Loverson's second ground for relief is ineffective assistance of trial counsel. One seeking collateral relief on the basis of ineffective assistance of counsel bears the burden of showing that his attorney was so deficient as not to be functioning as counsel under the Sixth Amendment and that prejudice resulted to a degree that the petitioner was deprived of a fair trial. Strickland v. Washington, 466 U.S. 668, 687-696 (1984). In the context of a guilty plea, the resulting prejudice must amount to a showing that, but for counsel's errors, the petitioner would not have pleaded guilty and would have insisted on going to trial. Hill v. Lockhart, 474 U.S. 52, 56-60 (1985). Loverson's motion does contain a recitation that he would have gone to trial except for counsel's errors, but the tenor of this claim is that the prosecution did not have enough proof to convict him. To the extent that Loverson is claiming other specific examples of attorney negligence, they appear wholly conclusionary or insufficient as a matter of law.

10

Loverson's third ground for relief is that he was denied due process of law because the charging instrument did not adequately inform him of the charges. A challenge to the sufficiency of an indictment which is raised in a motion to vacate will not be successful if, under any reasonable construction, the indictment charges an offense and the accused if fairly apprised of the alleged offense. Walker v. United States, 439 F.2d 1114, 1115 (6th Cir.1971) (per curiam). A review of the indictment in question reflects the meritless nature of this claim.

11

Loverson's final contention is that a portion of his sentence, namely, the four-year term of supervised release, was excessive.

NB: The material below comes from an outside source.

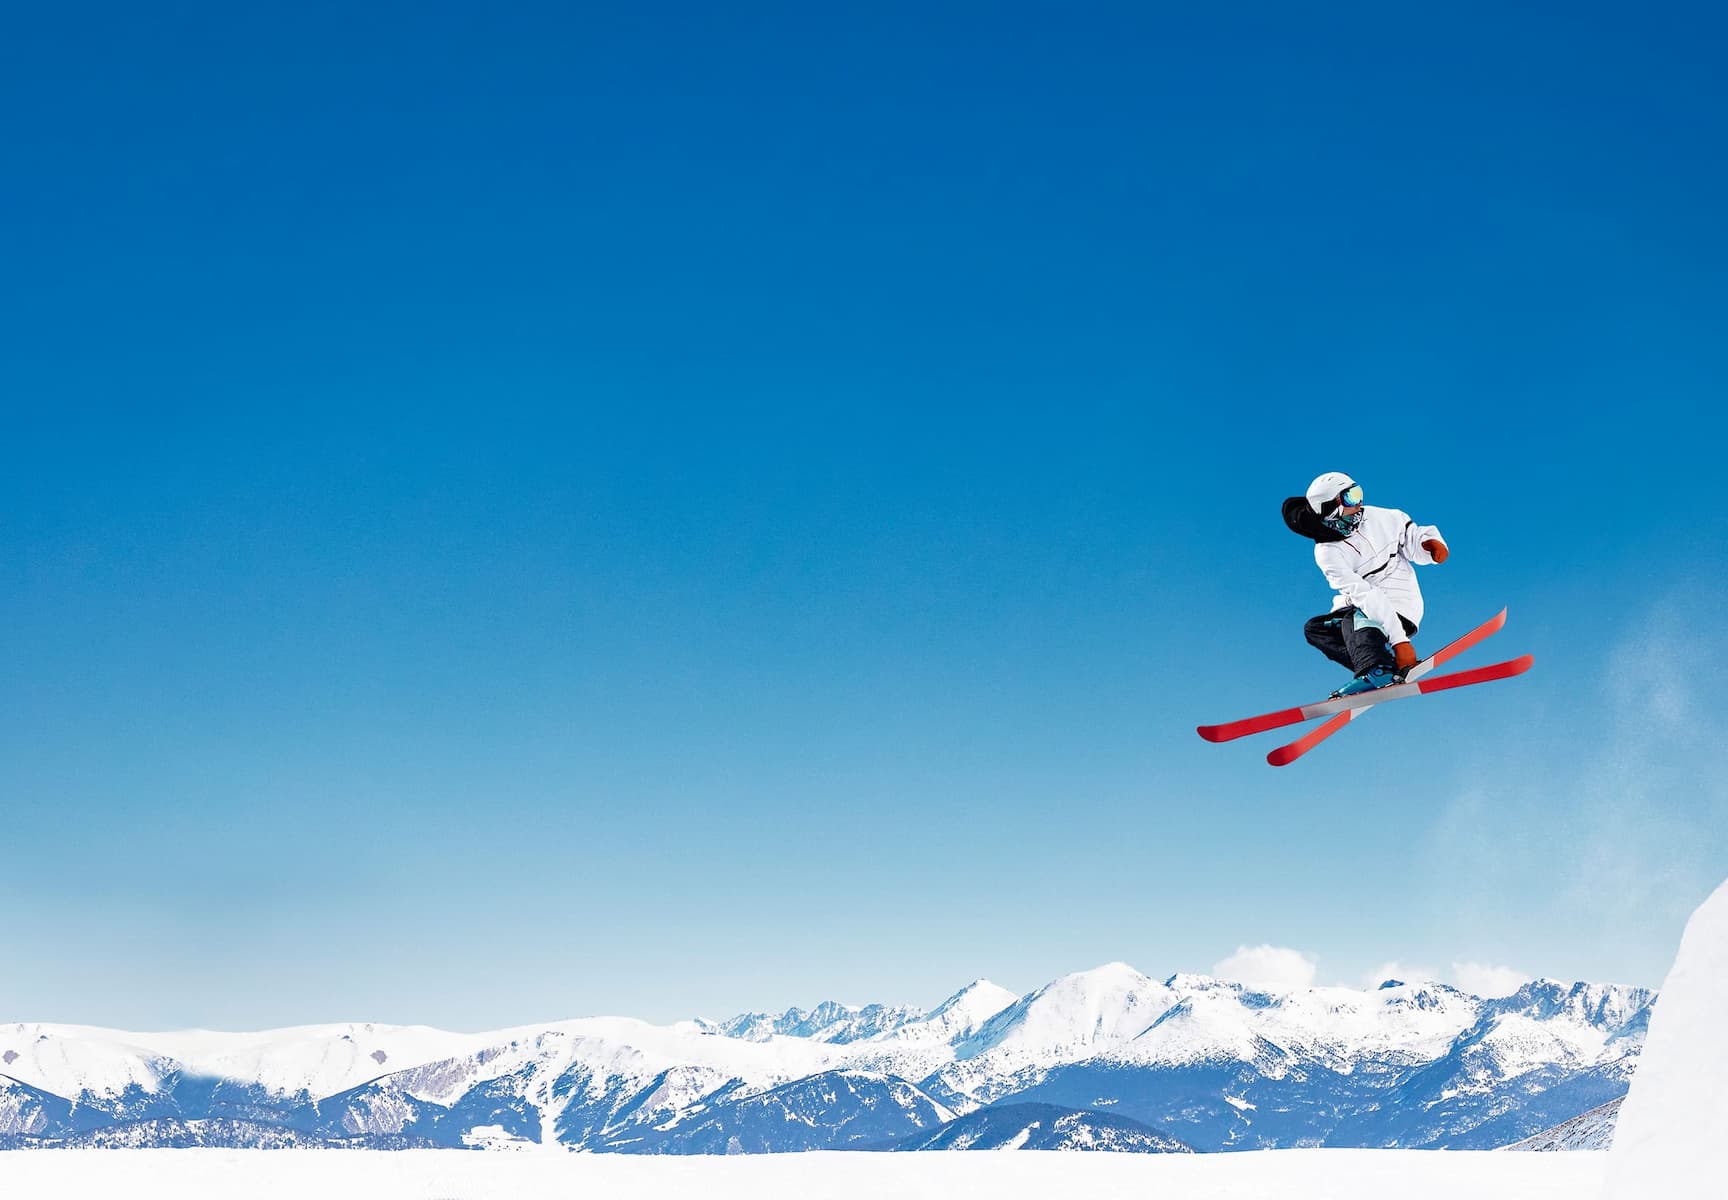 Skier leaping in air

The applicable sentence guideline, U.S.S.G. § 5D1.2(a), mandates that a defendant in Loverson's position be sentenced to at least three and no more than five year's supervised release. This claim also appears waived as Loverson has not made a showing of cause and prejudice to excuse his failure to raise this on direct appeal. Ratliff v. United States, 999 F.2d 1023, 1025 (6th Cir.1993). The motion was properly denied.

12

Accordingly, the motion for in forma pauperis status is granted and the district court's judgment is affirmed. Rule 9(b)(3), Rules of the Sixth Circuit.